:: Excerpted data

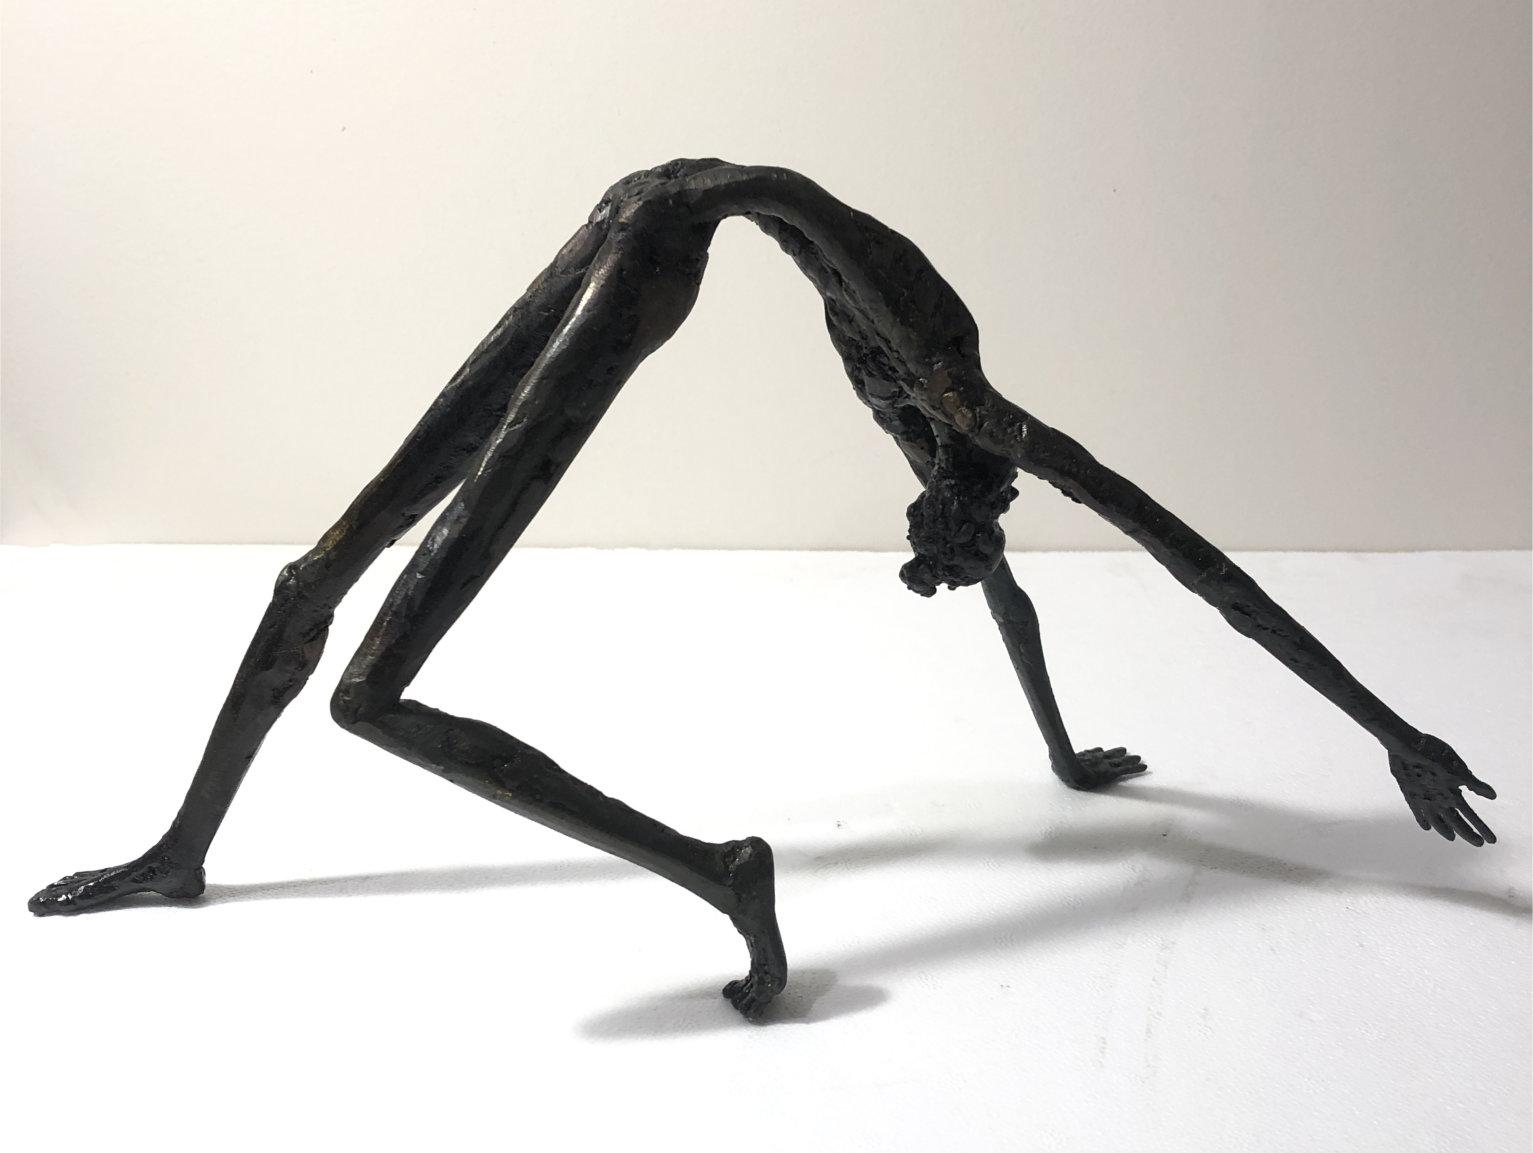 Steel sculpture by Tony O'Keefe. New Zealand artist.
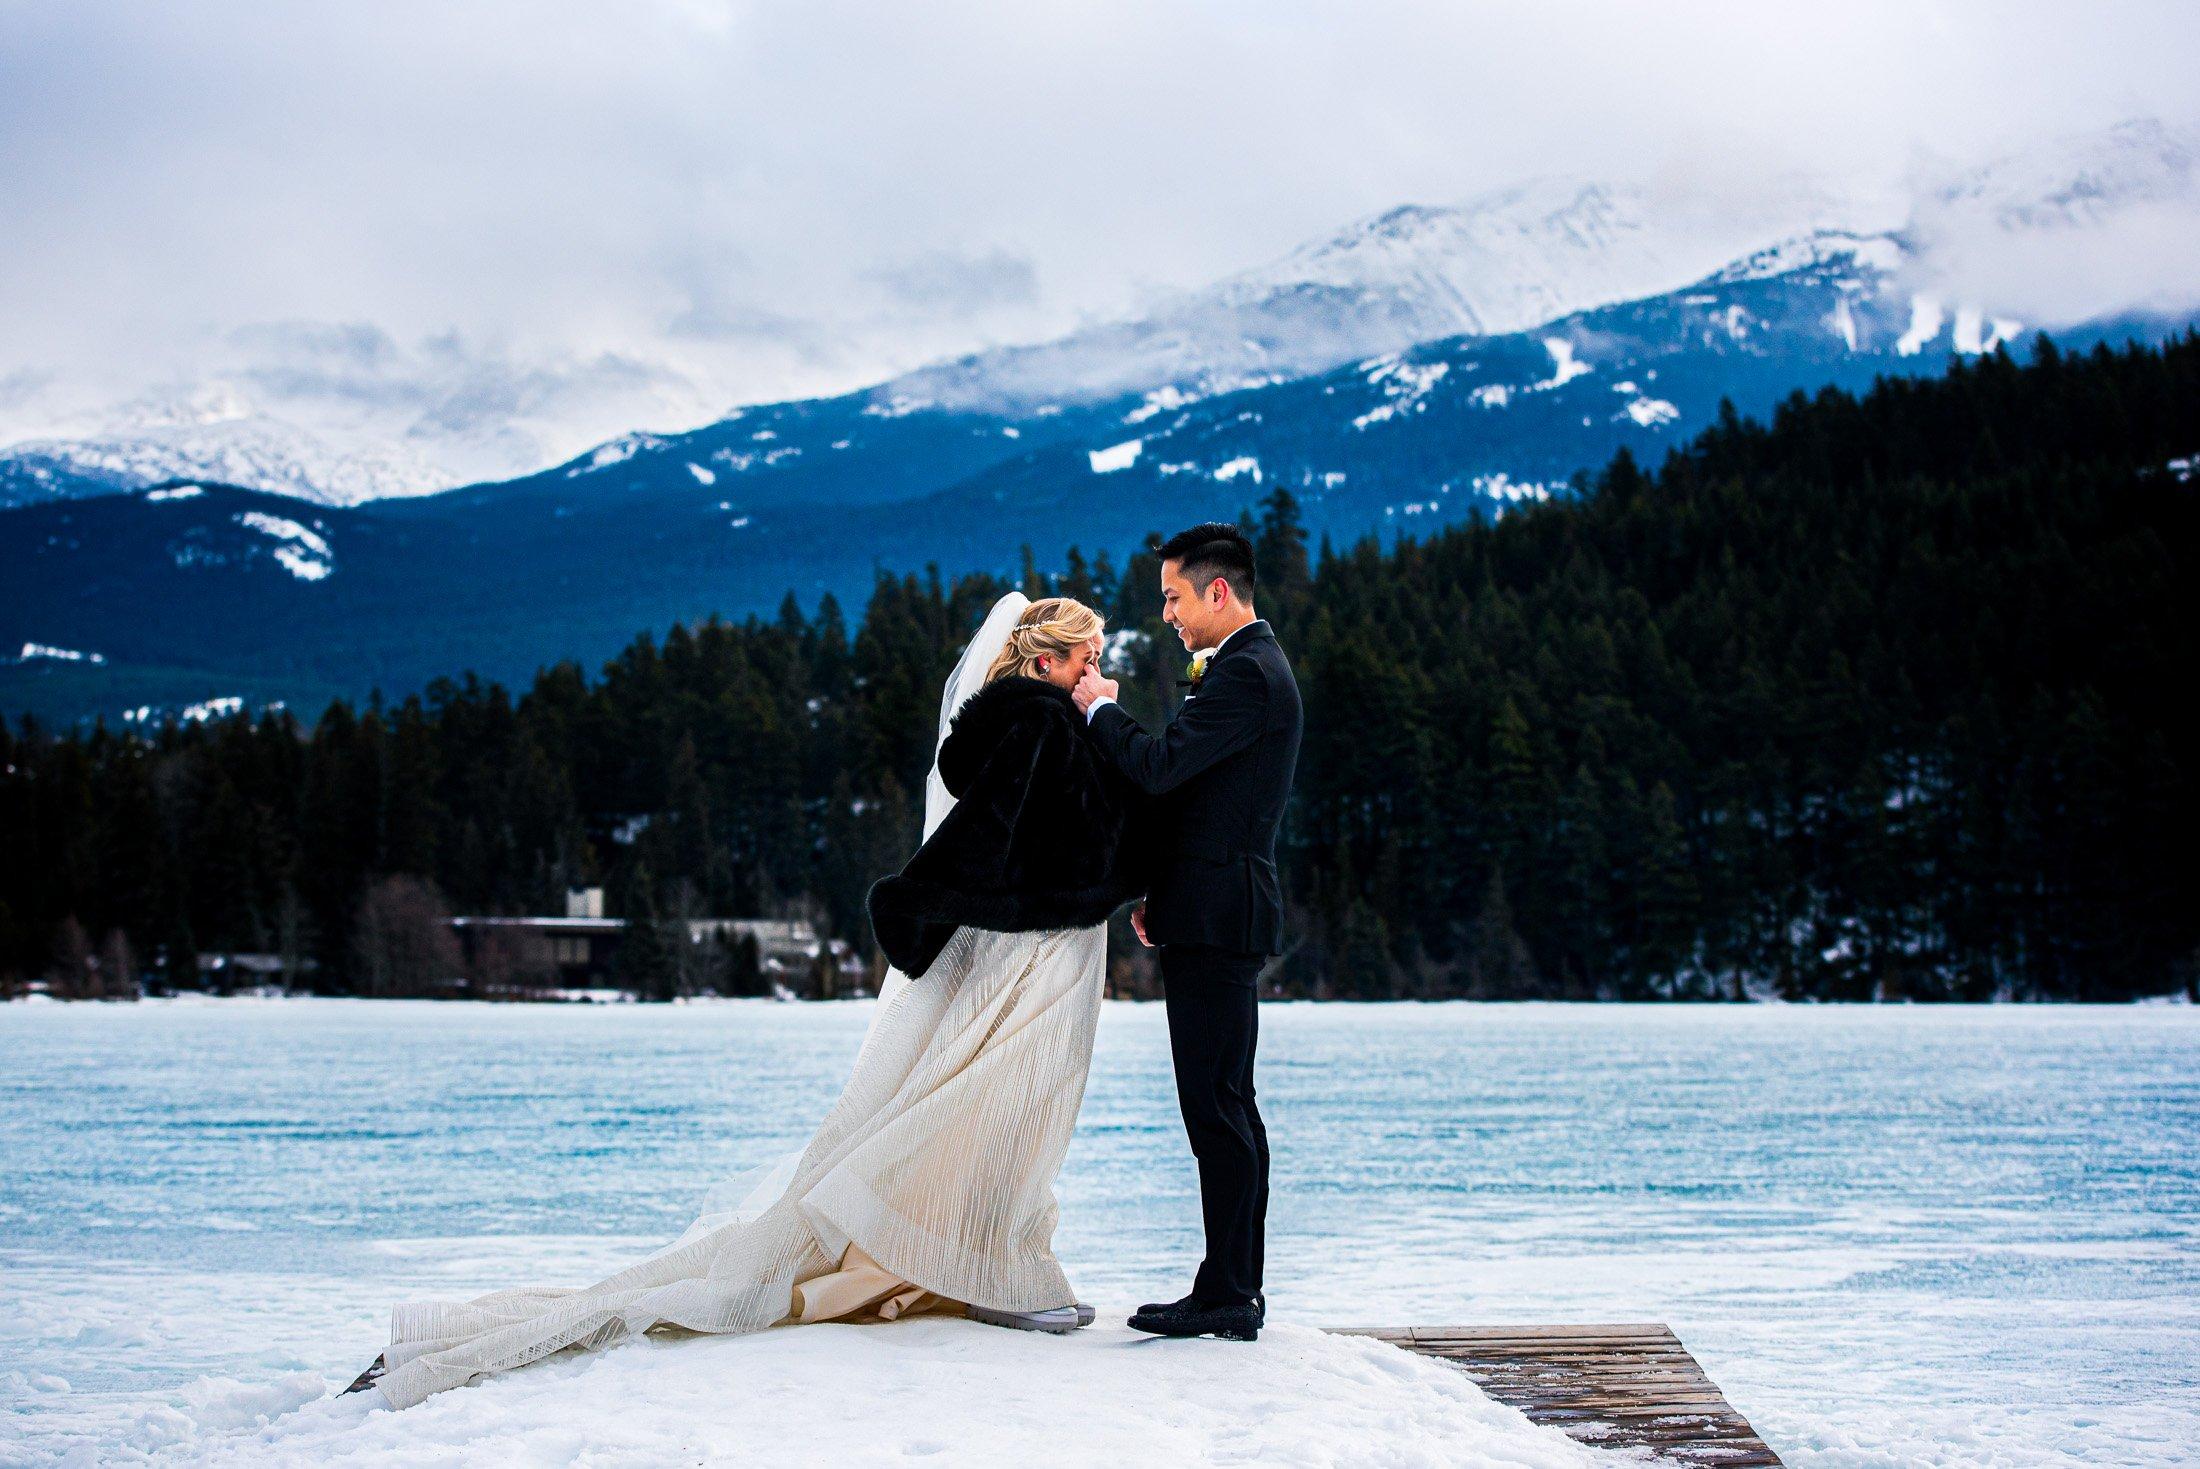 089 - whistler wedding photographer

::::
:: Excerpted data

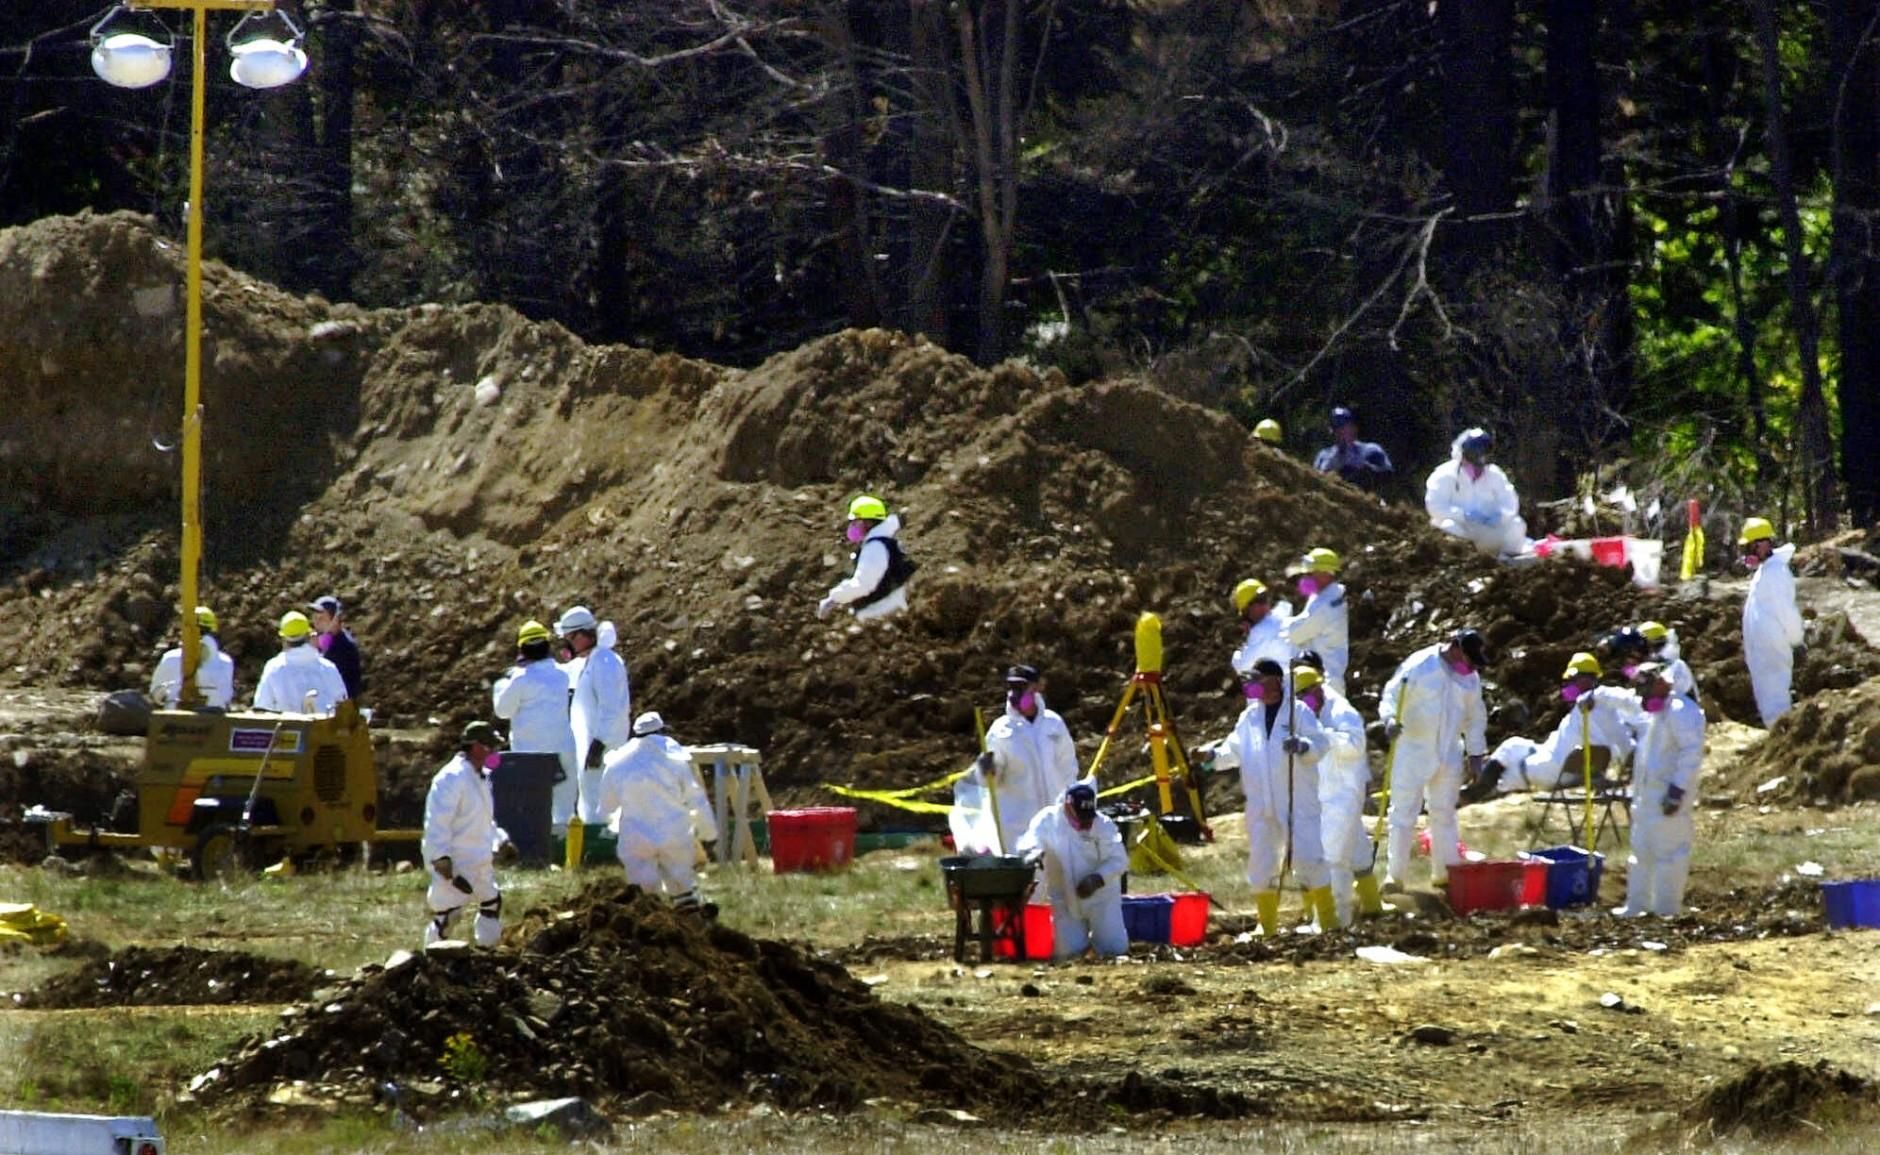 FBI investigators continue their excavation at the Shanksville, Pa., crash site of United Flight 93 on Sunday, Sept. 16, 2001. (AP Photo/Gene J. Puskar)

::::

● **Problem requirements**
The copy should hold only the lines from the one with "Steel sculpture by" through the one with "089 - whistler wedding photographer", exactly as they stand above. Leave out the pictures.

● **Response box**
 Steel sculpture by Tony O'Keefe. New Zealand artist.
 089 - whistler wedding photographer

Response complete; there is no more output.